The December issue exposed South African attempts to take over leading British journals as part of its new public relations initiative. Patriotic Front-ZAPU leader Arthur Chadzingwa asked why the British Government had failed to enforce oil sanctions against the Smith regime. AAM Chair Bob Hughes reported on his visit to the front-line states. A centre spread recorded the campaign priorities decided at the AAM’s 1978 annual general meeting. AA News exposed intimidation in the run-up to the South African-organised ‘elections’ in Namibia. It detailed equipment supplied by the British company ICL to the South African police and army. 

This issue accused South Africa of staging rigged elections in Namibia. It showed how the Smith regime’s new ‘constitution’ for Zimbabwe would entrench white supremacy. A centre spread reviewed the achievements of the UN International Anti-Apartheid Year, 21 March 1978–20 March 1979. AA News reported on the conference organised by the AAM Health Committee and the day of action on Barclays Bank on 1 December 1978. On the 100th anniversary of the battle of Isandhlwana, a special feature remembered how Zulu warriors had defeated the British army.

In a lead article on the execution of more guerrilla fighters by the Smith regime, AA News called on the British Government to reject the ‘internal settlement’ in Zimbabwe. It announced a Zimbabwe Action Conference on 3 March. ANC President Oliver Tambo explained the role of armed struggle in the context of the ANC’s overall strategy. AA News reported on a conference on the links between the EEC and South Africa, where Tambo accused the EEC of being ‘the lifeblood of apartheid’. Industrial chaplain Julian Eagle described how he had seen at first hand the intensification of apartheid on his recent visit to South Africa. 

The April issue led on South Africa’s attacks on Angola and Mozambique. A four-page report recorded the findings of a UN Special Committee Against Apartheid seminar on nuclear collaboration with South Africa. Sam Makari, whose brother had been hanged, accused the British Government of complicity in illegal executions in Zimbabwe. AA News accused the South African Government of sabotaging UN proposals for democratic elections in Namibia. It showed how in the aftermath of the 1976 Soweto uprising, thousands of young South Africans had been put on trial and many had joined the ANC’s armed wing, uMkhonto we Sizwe.

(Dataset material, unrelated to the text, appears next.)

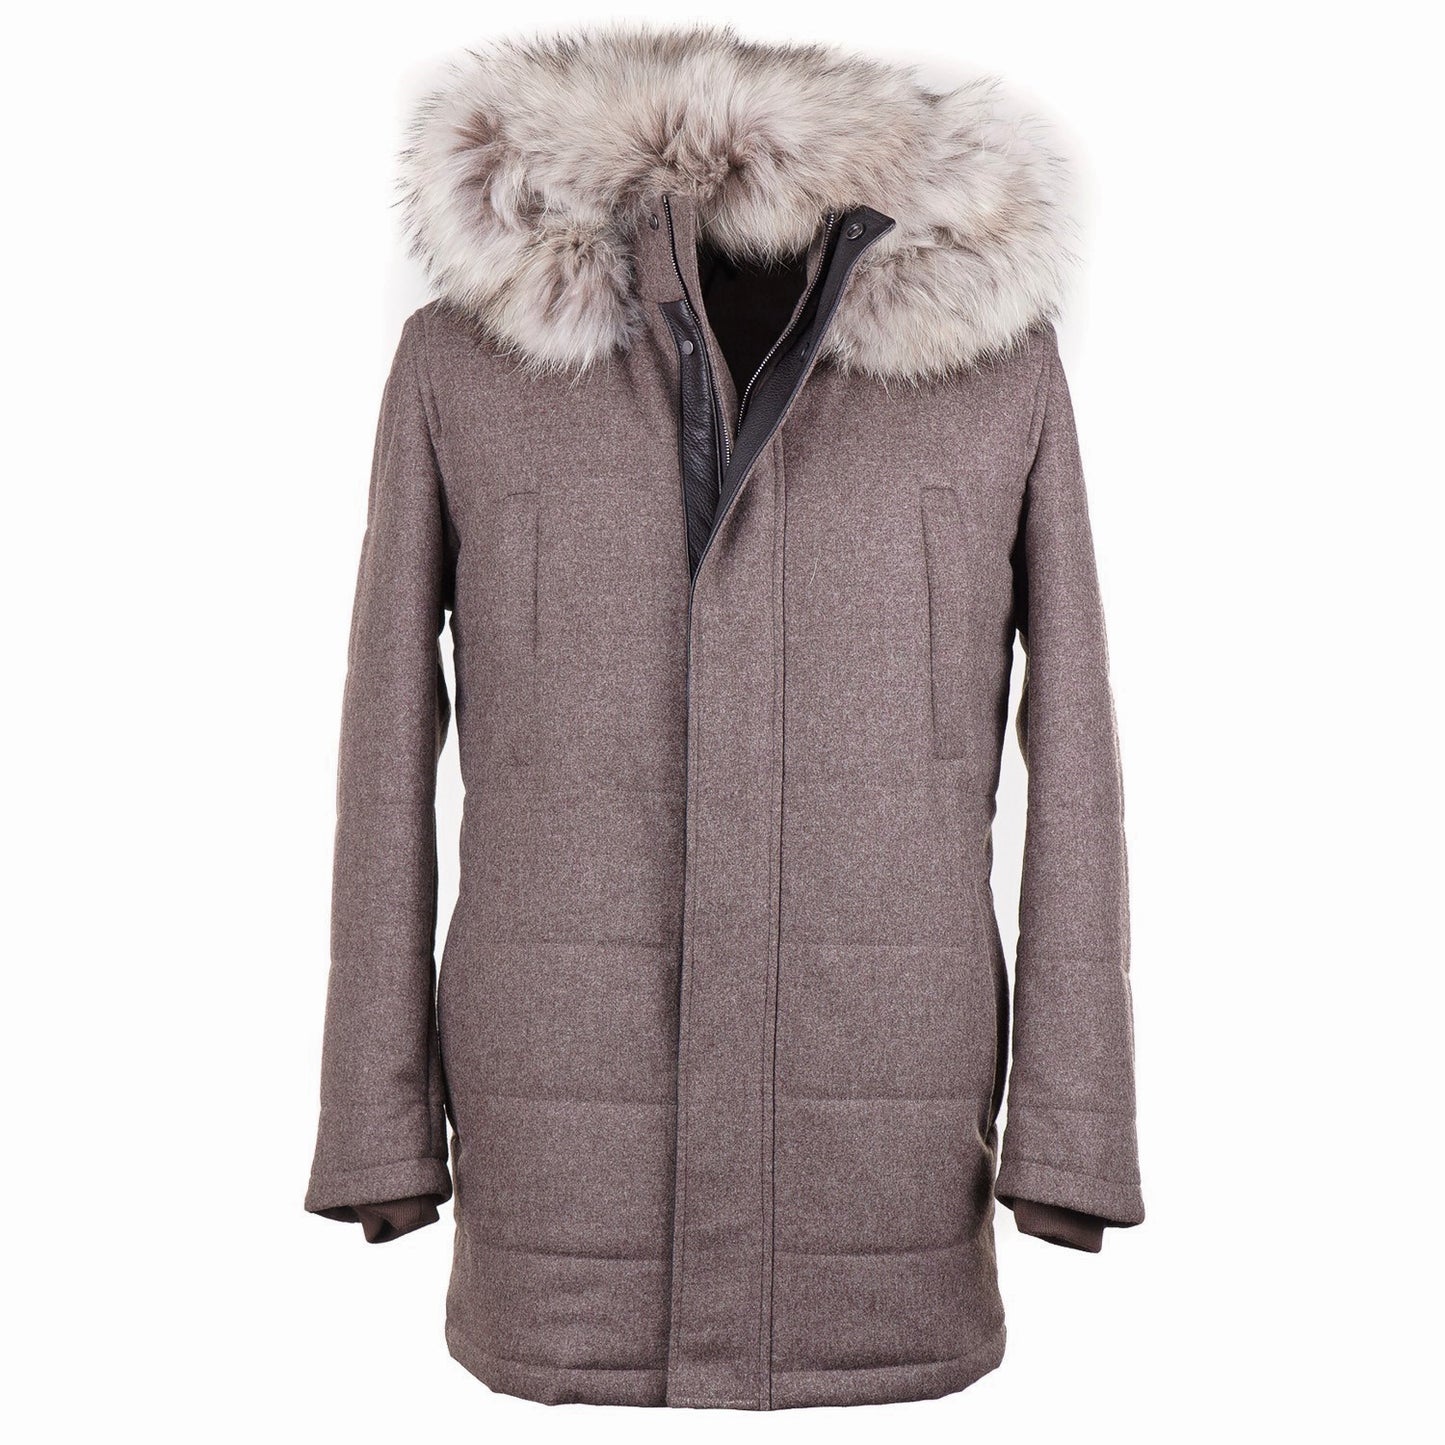 Rifugio Quilted Flannel Wool Parka with Fur Hood - Top Shelf Apparel

The May issue mourned Solomon Mahlangu, a young ANC activist hanged by the apartheid government on 6 April 1979. It announced the formation of the World Campaign Against Military and Nuclear Collaboration with South Africa, launched in March. It exposed the Muldergate scandal and how the South African Government had spent millions of Rand on secret overseas projects. A centre spread looked at South Africa’s segregated education system. Margaret Ling reported on her visit to Zambia, where she had seen at first hand the result of South African napalm attacks against a Zimbabwean refugee camp. 

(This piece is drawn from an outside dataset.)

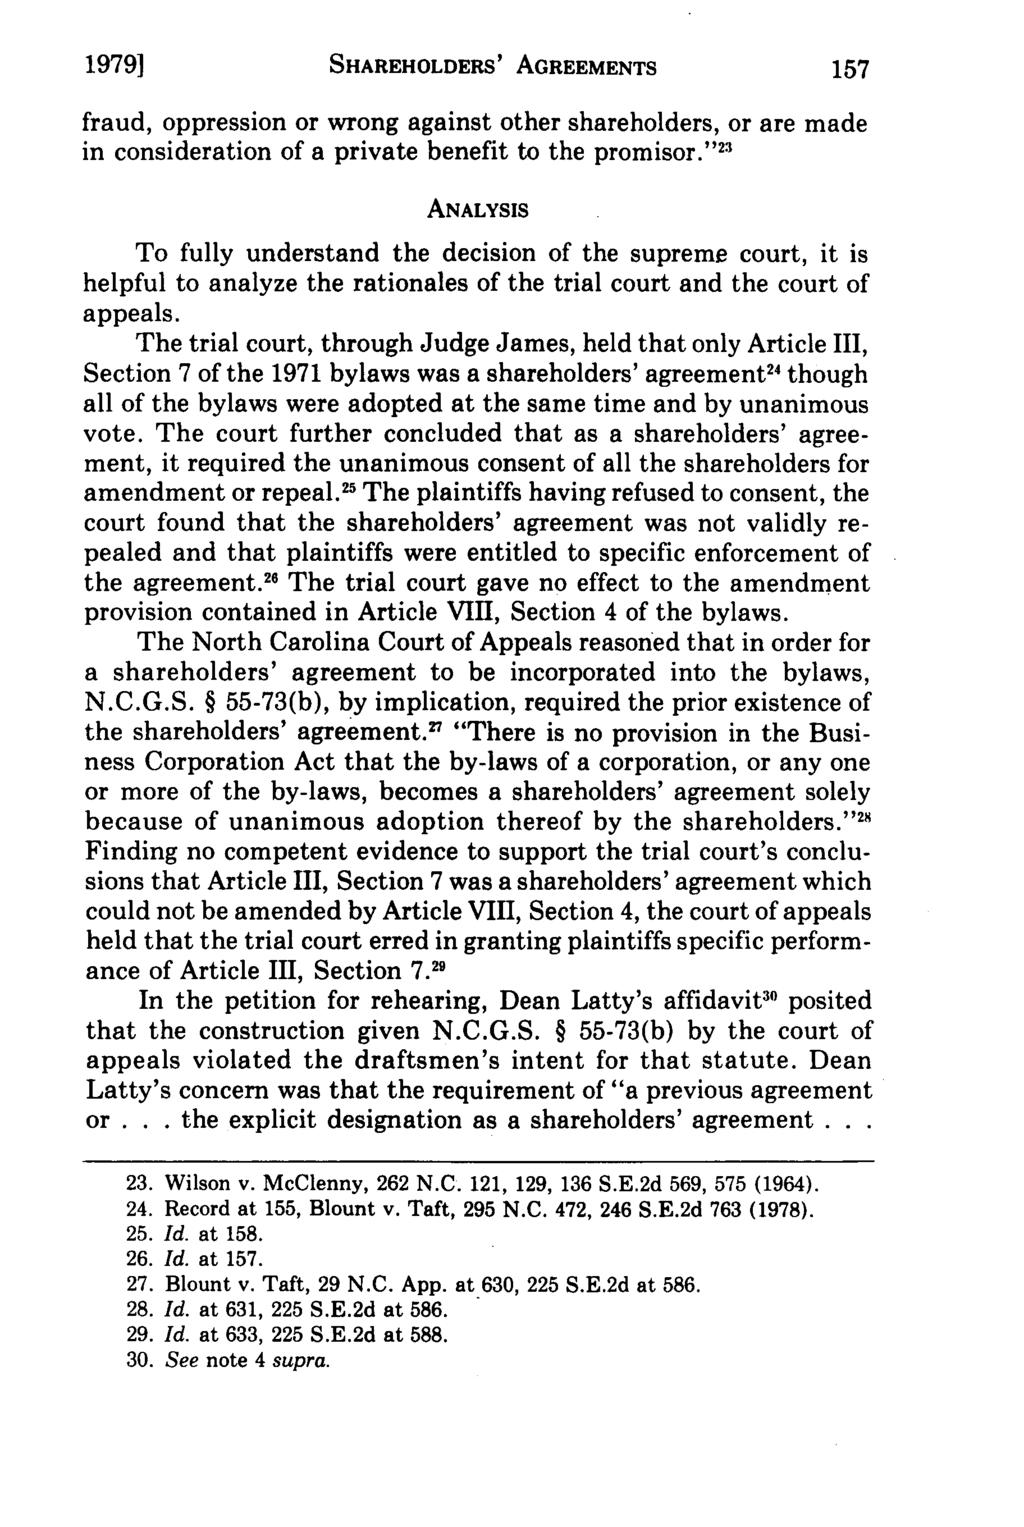 19791 Currin: Corporations SHAREHOLDERS' - The Effect of Unanimous AGREEMENTS Approval on Corporate Byla fraud, oppression or wrong against other shareholders, or are made in consideration of a

AA News warned of Conservative Government plans to agree a ‘sell-out’ deal with the Smith regime in Zimbabwe. It examined the Wiehahn Commission’s proposals for the reform of apartheid labour law. It announced the formation of a new AAM Teachers Network and plans for the annual NUS-AAM student conference. British observers of Rhodesia’s ‘internal elections’ described them as a ‘gigantic confidence trick’. AA News accused South Africa of ‘torpedoeing’ the UN peace plan for Namibia. It reported on a British Council of Churches report calling for economic disengagement from South Africa.

This issue again led on the British Government’s plans for a settlement with the Smith regime. It announced the formation of a Zimbabwe Emergency Campaign Committee to coordinate opposition to the proposals. It exposed the South African interests of ministers in the new Conservative Government. A centre spread reproduced the action programme adopted by the AAM’s conference for trade unionists on 2 June. ZAPU leader T G Silundika told of the growing unity between ZAPU and ZANU. AA News reported on an attack on a Soweto police station by ANC guerrillas. Local AA Groups all over Britain held sponsored walks for the ANC Freedom School in Tanzania.